» MATERIAL PROVIDED
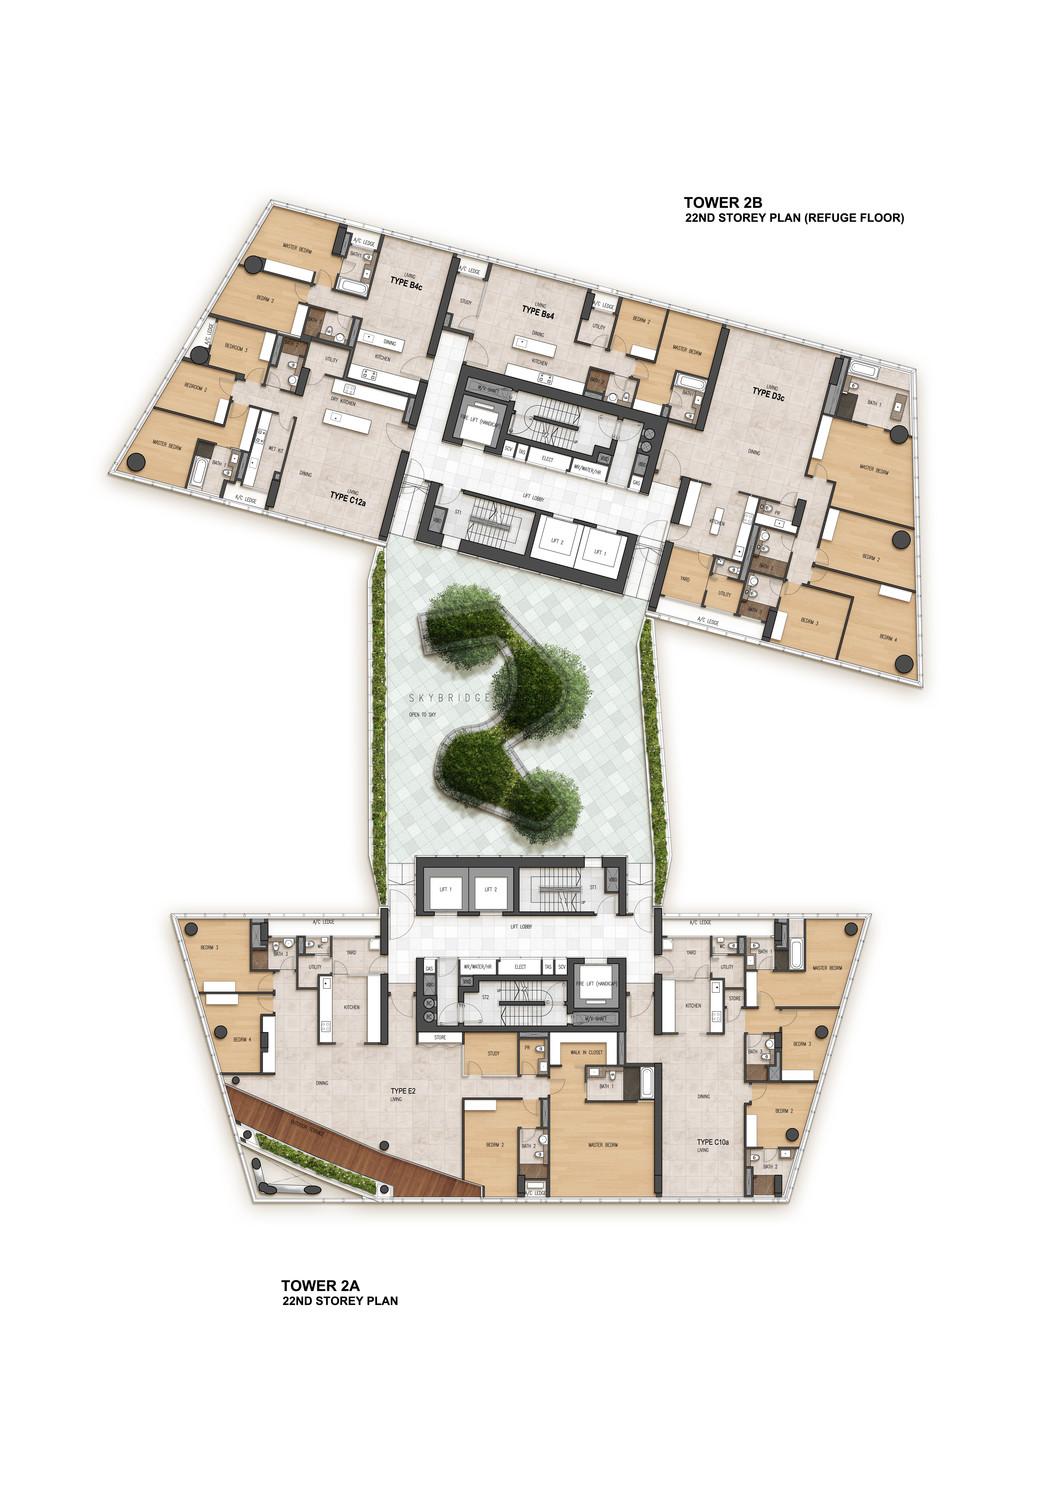 Rendering, typical tower floor layout plan
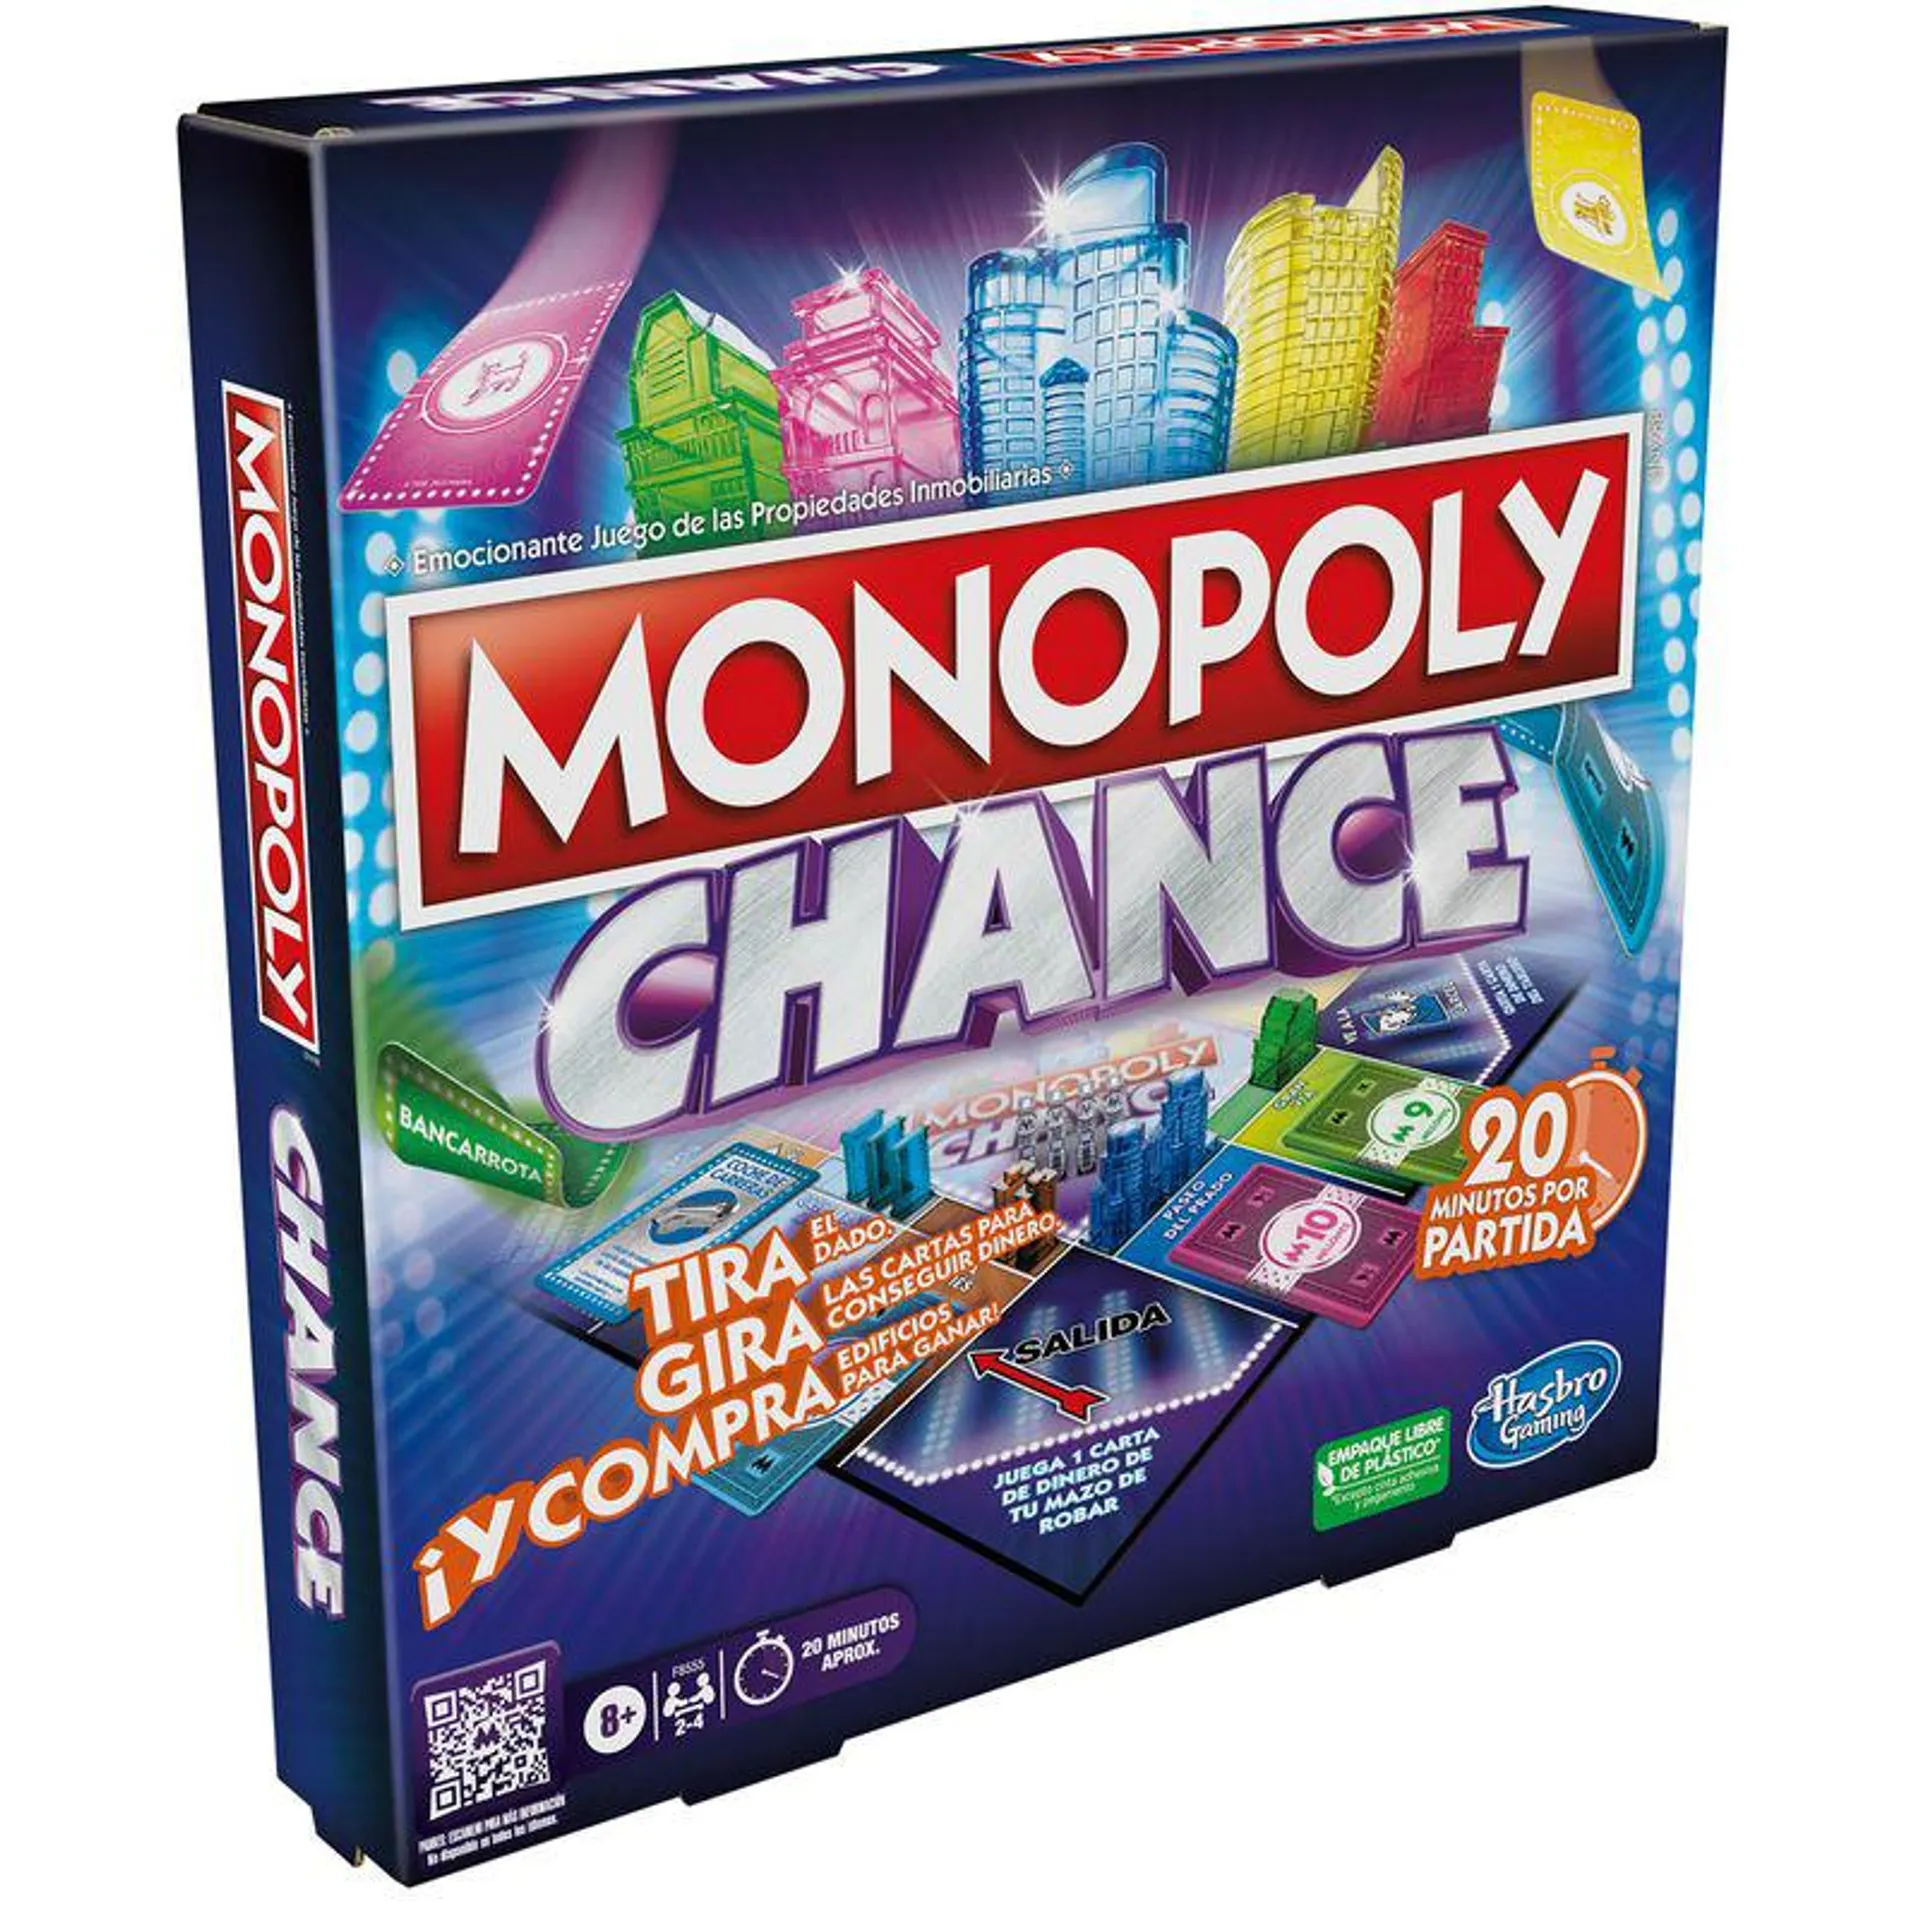 Monopoly Change
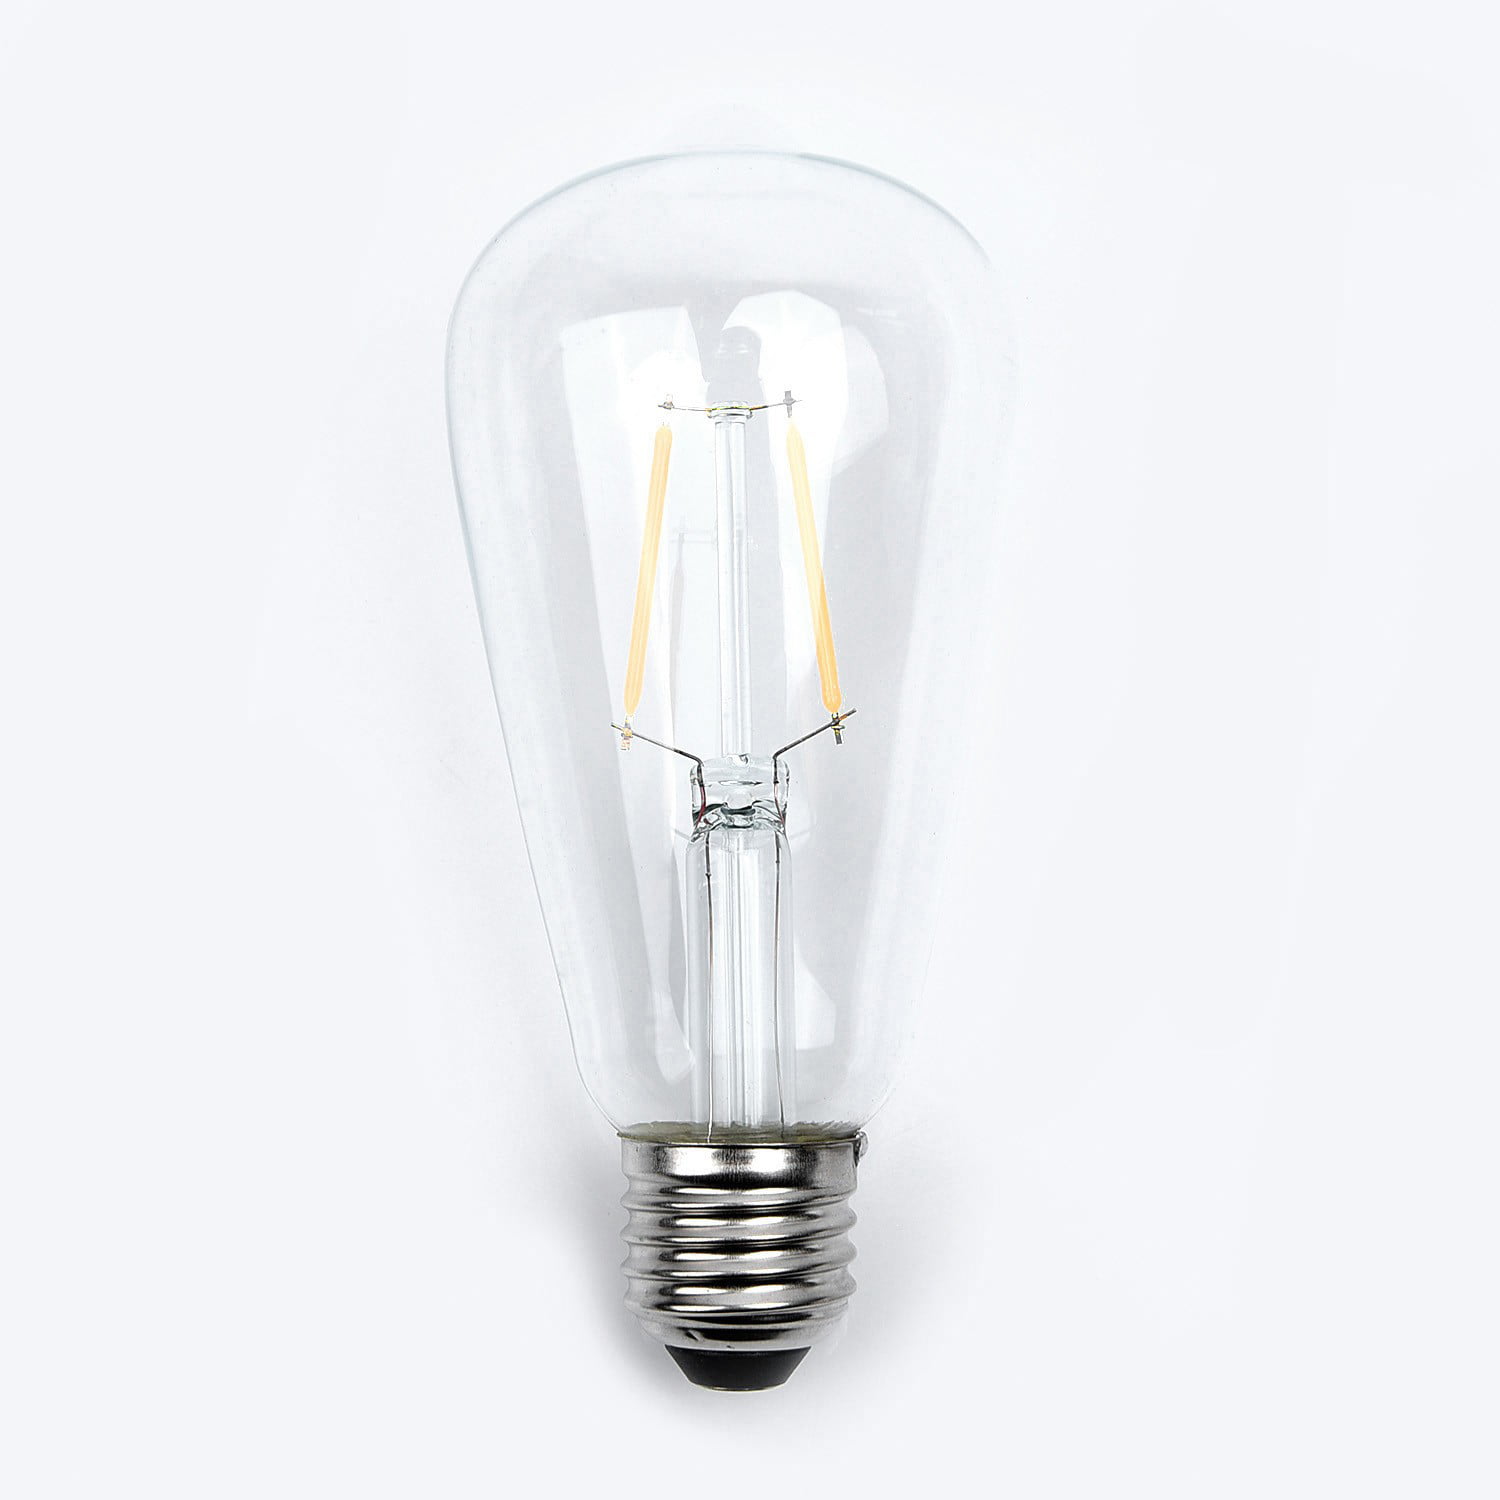 QXKE LED Filament Light Bulb 2W-8W Edison ST64 E27 Vintage Screw Non-Dimmable, Yellow White - Walmart.com

» WHAT THE TASK ASKS
Wherever a picture appears, omit it; copy the rest of the data exactly.

» ANSWER FOR THE TASK
 Rendering, typical tower floor layout plan
 Monopoly Change
 QXKE LED Filament Light Bulb 2W-8W Edison ST64 E27 Vintage Screw Non-Dimmable, Yellow White - Walmart.com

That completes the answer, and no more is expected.